AE 12: Multiple linear regression review

LEGO Sets

Published

October 31, 2022

Important

Go to the course GitHub organization and locate your ae-12- to get started.

The AE is due on GitHub by Thursday, November 03, 11:59pm.

library(tidyverse)
library(tidymodels)
library(patchwork)
library(rms)
library(knitr)

The data for this analysis includes information about LEGO sets from themes produced January 1, 2018 and September 11, 2020. The data were originally scraped from Brickset.com, an online LEGO set guide.

You will work with data on about 400 randomly selected LEGO sets produced during this time period. The primary variables are interest in this analysis are

The goal of this analysis is to predict the Amazon price based on the number of pieces, theme, and size of pieces. We will only include observations that have recorded values for all relevant variables.

legos <- read_csv("data/lego-sample.csv") |>
  select(Size, Pieces, Theme, Amazon_Price) |>
  drop_na()

Exploratory data analysis

Response variable

ggplot(data = legos, aes(x = Amazon_Price)) +
  geom_histogram() + 
    labs(title = "Price of Lego sets on Amazon",
         x = "Price in US dollars")

Predictor variables

p_pieces <- ggplot(data = legos, aes(x = Pieces)) +
  geom_histogram() + 
    labs(title = "Number of pieces",
         x = "")

p_size <- ggplot(data = legos, aes(x = Size)) +
  geom_bar() + 
    labs(title = "Piece size",
         x = "") + 
  coord_flip()

p_pieces /  p_size

  • What (if any) feature engineering might we want to include in a recipe for a model for Pieces and Size?
legos |>
  count(Theme) |>
ggplot(aes(x = fct_reorder(Theme, n), y = n)) +
  geom_col() + 
    labs(title = "Lego Set Theme", 
         x = "Theme", 
         y = "Number of LEGO sets") + 
  coord_flip()

  • Why should we avoid putting Theme in a model as is?
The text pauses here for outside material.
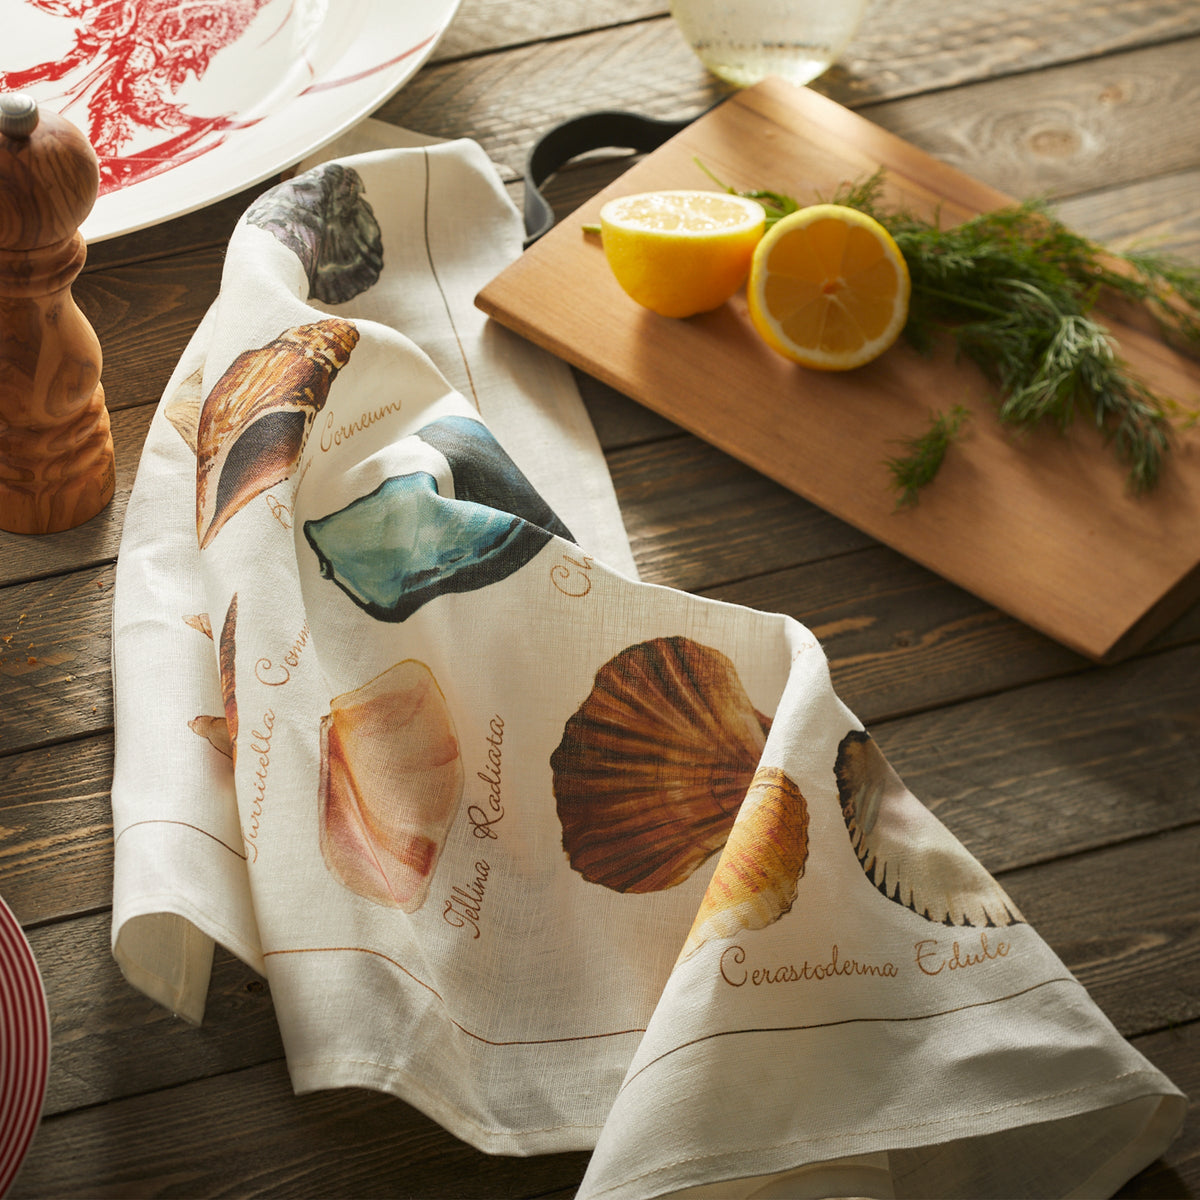 A Shoreline Linen Kitchen Towel adorned with seashells next to a cutting board with lemon and dill from Caskata.

  • How can we use step_other() in the recipe to make Theme more usable in the model?

Model Fitting

Training and test sets

Write code to data into training (75%) and testing (25%) sets.

set.seed(1031)

# add code to make training and test sets

Model workflow

Fit the model using Pieces, Size, and Theme to understand variability in Amazon_Price. To do so, specify the model and use training data to create a recipe applying the feature engineering steps mentioned above. Then, build the model workflow and fit the model.

# add code to specify model 
# add code to create recipe
# This is an optional step to see the outcome of the recipe

# add code to prep and bake 
# add code to build workflow
# add code to fit model

Check conditions + multicollinearity

When we fit a model using recipe and workflow, we need to extract the model object before using the augment function. Fill in the name of the model fit in the code below.

Update the option to eval: true, so the code chunk evaluates when the document is rendered.

lego_fit_model <- extract_fit_parsnip(______)
lego_aug <- augment(lego_fit_model)

Residuals vs predicted values

Use the code below to make a plot of residuals vs. predicted values

Update the option to eval: true, so the code chunk evaluates when the document is rendered.

ggplot(data = lego_aug, aes(x = .fitted, y= .resid)) +
  geom_point() + 
  geom_hline(yintercept = 0, color = "red", linetype = "dashed") + 
  labs(x = "Predicted", 
       y = "Residuals", 
       title = "Residuals vs. Predicted")

Distribution of residuals

Fill in the code below to make a histogram of the residuals with an overlay of the normal distribution.

Update the option to eval: true, so the code chunk evaluates when the document is rendered.

ggplot(lego_aug, aes(.resid)) +
  geom_histogram(aes(y = after_stat(density))) +
  stat_function(
    fun = dnorm, 
    args = list(mean = mean(lego_aug$_____), sd = sd(_____)), 
    color = "red"
  )

Use the plots and information about the data to comment on whether each condition is satisfied.

  • Linearity: [Add response]

  • Constant variance: [Add response]

  • Normality: [Add response]

  • Independence: [Add response]

Multicollinearity

Fun the code to use the vif() function from the rms package to check multicollinearity.

Update the option to eval: true, so the code chunk evaluates when the document is rendered.

vif(lego_fit_model$fit)
  • Are there issues with multicollinearity in the model?

Next steps

  • Based on the assessment of the model conditions and multicollinearity, what is the next step you might take in the model building process?
Important

To submit the AE:

  • Render the document to produce the PDF with all of your work from today’s class.
  • Push all your work to your ae-12- repo on GitHub. (You do not submit AEs on Gradescope).